Three utility-managed charging pilots highlighted by SEPA reveal use cases with available value.

PG&E’s collaboration with BMW and software platform provider Olivine demonstrated the feasibility of shifting EV loads. Over 18 months, BMWs and recycled batteries responded to 209 demand response events and met performance requirements for 90% of them, PG&E reported.

The pilot showed managed charging can “increase the use of renewable energy and prevent solar curtailment by shifting charging to periods of over-generation,” Farhat said.

In a three-year Avista pilot in Washington State involving about 200 residential and commercial customers, the utility “successfully shifted up to 75% of its EV charging load to off-peak hours without customer disruption,” Avista Electric Transportation Engineer Mike Vervair told Utility Dive.

Avista installed, owned and maintained the EVSEs, but it had difficulty maintaining Wi-Fi connectivity with the EVSEs.
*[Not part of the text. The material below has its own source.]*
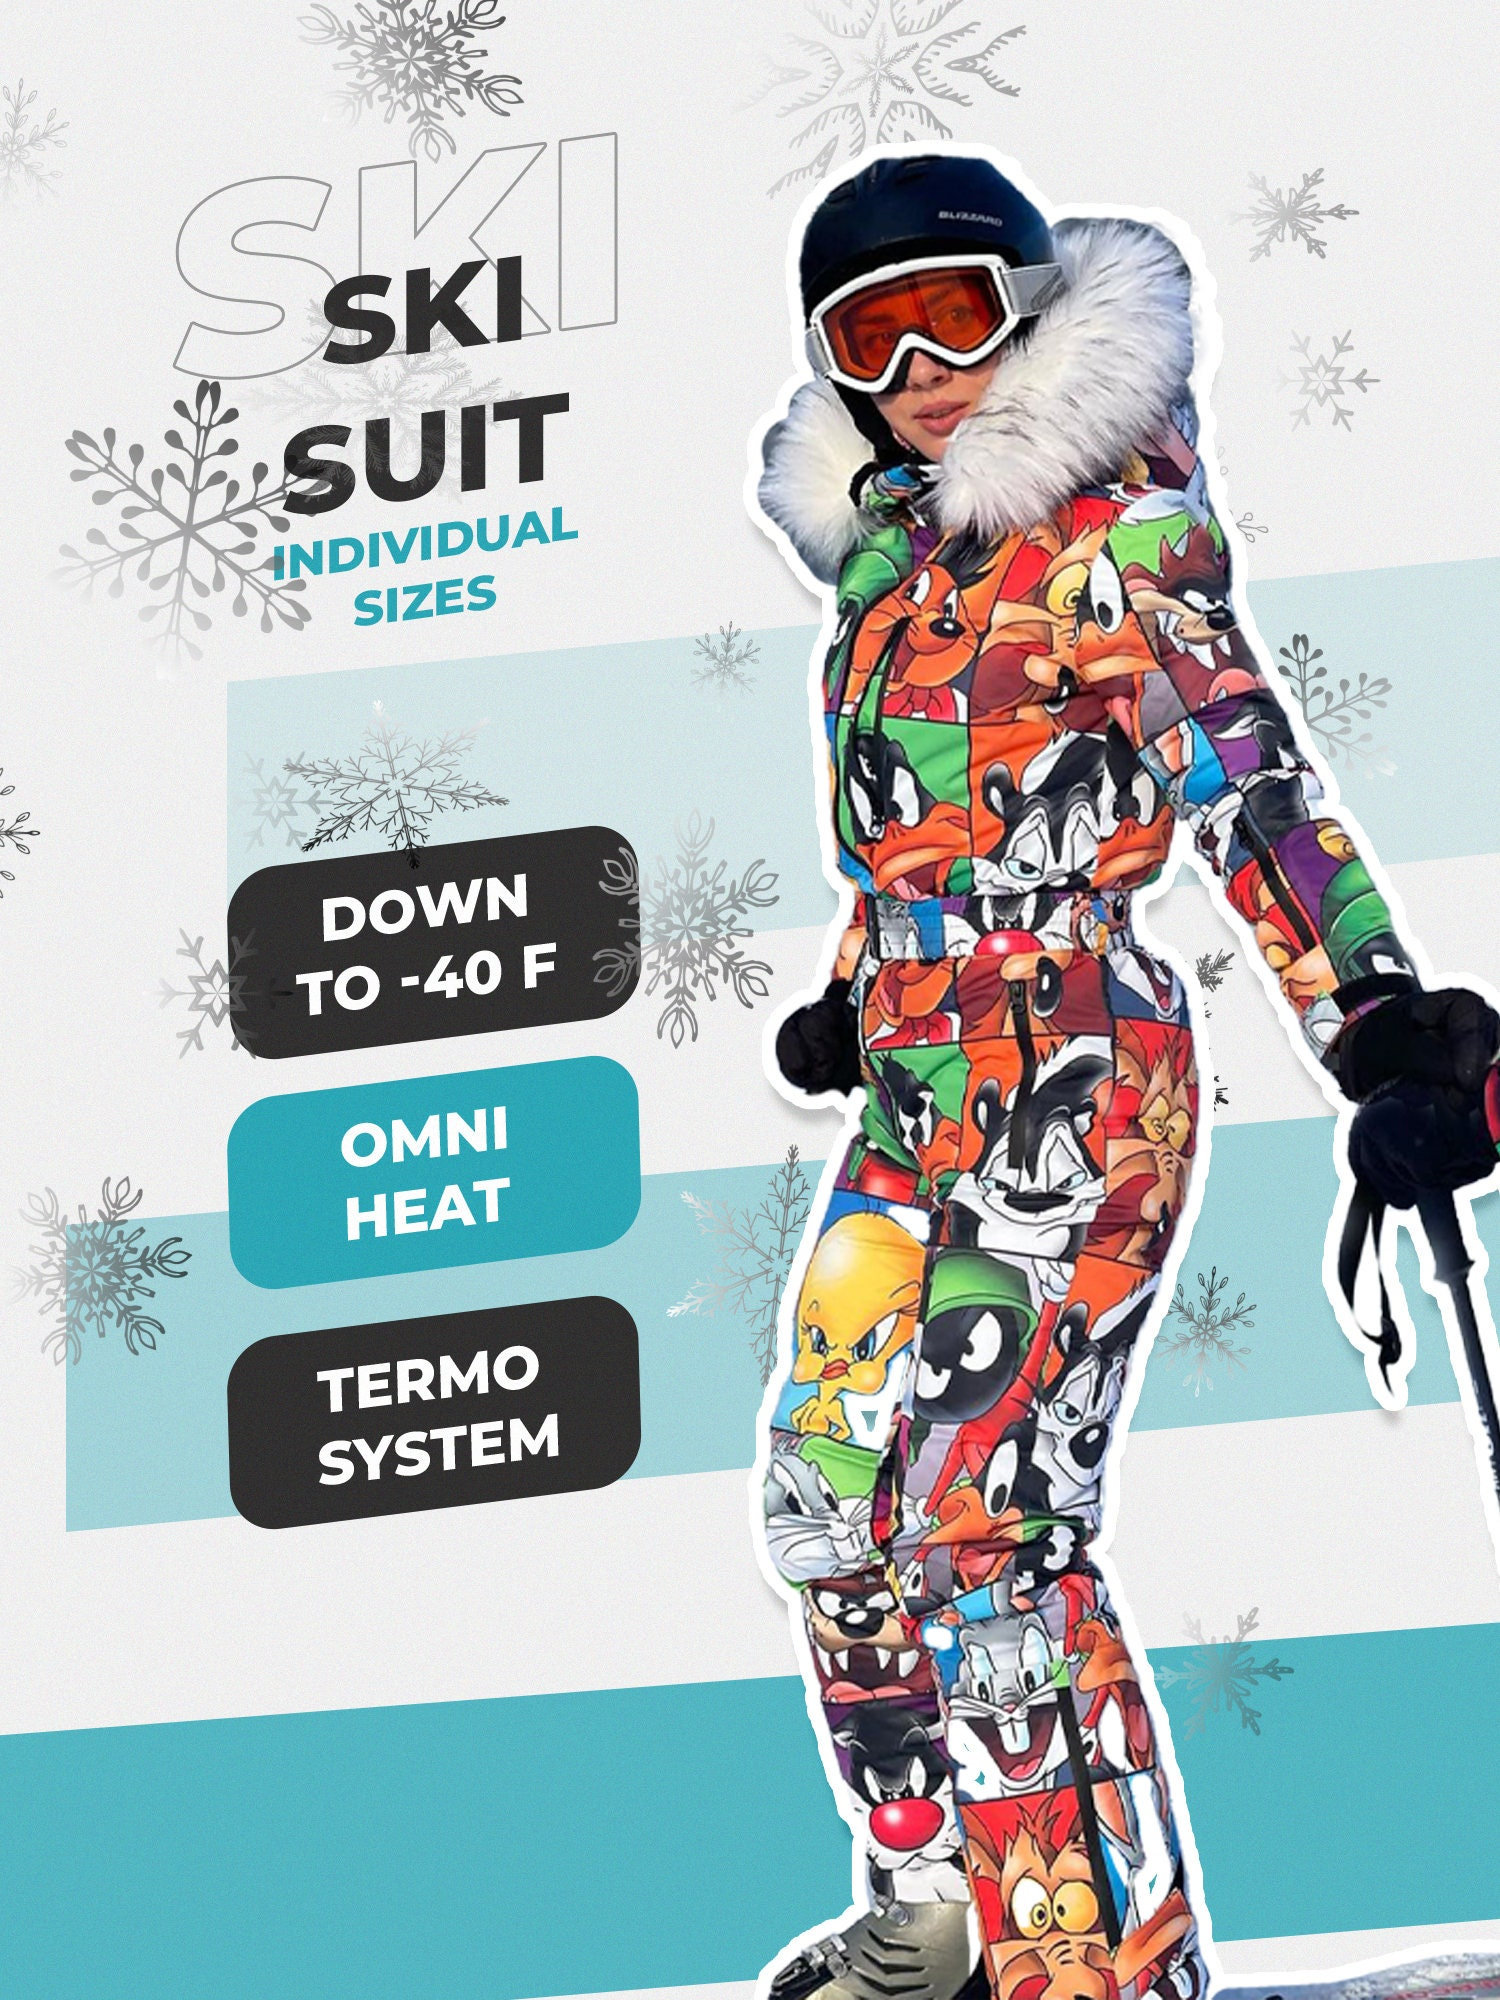 Sudadera con capucha de alta calidad para mujer, chaqueta deportiva de  Snowboard para correr y hacer

That could compromise the cost-effectiveness of scaling such a program, Vervair said. “Communicating with the EVSE through a smart meter network that uses utility communications infrastructure is not available now, but it is where we need to go.”


“Car buyers like me are postponing purchases of gasoline-powered vehicles, and that market is likely to drop off faster than anybody expects, which means the load problem is going to ramp up faster than anybody expects, and solutions will be needed soon.”

Davion Hill

Global Energy Storage Segment Leader, DNV-GL


Vermont’s Green Mountain Power (GMP) did not encounter the same difficulties in a 200-customer, two-year pilot that went utility-wide early this year and now has about 300 participants, GMP Chief Innovation Executive Josh Castonguay told Utility Dive.

Through its Virtual Peaker software platform, GMP managed charging for a variety of EVSEs to accomplish three objectives of value, Castonguay said. It turned down or turned off charging during its evening peak demand period, ramped up charging to use midday solar over-generation and did energy arbitrage for customers by moving charging to the lowest-cost time periods.

“As we add more distributed energy resources and move to a distributed, electrified, decarbonized system, control of a flexible load is becoming more valuable,” he added.

The urgency

“To meet the future charging need, EV infrastructure investments are going to be on the order of billions of dollars,” SEPA’s Myers said. “But that investment must begin now to have adequate infrastructure when it is needed, and there is no evidence utilities, EV and EVSE manufacturers, or other stakeholders in the power system’s future are investing enough.”

DNV-GL’s Hill agreed. “Car buyers like me are postponing purchases of gasoline-powered vehicles, and that market is likely to drop off faster than anybody expects, which means the load problem is going to ramp up faster than anybody expects, and solutions will be needed soon.”

The report’s “number one takeaway” is that “the time to act is now and we can’t afford to wait until tens of millions of EVs are on the road,” Myers said. “It seems complicated, but of all the challenges the utility industry faces, this could potentially be one of the easiest to solve because this is still a relatively new and small industry and the stakeholders know what is needed.”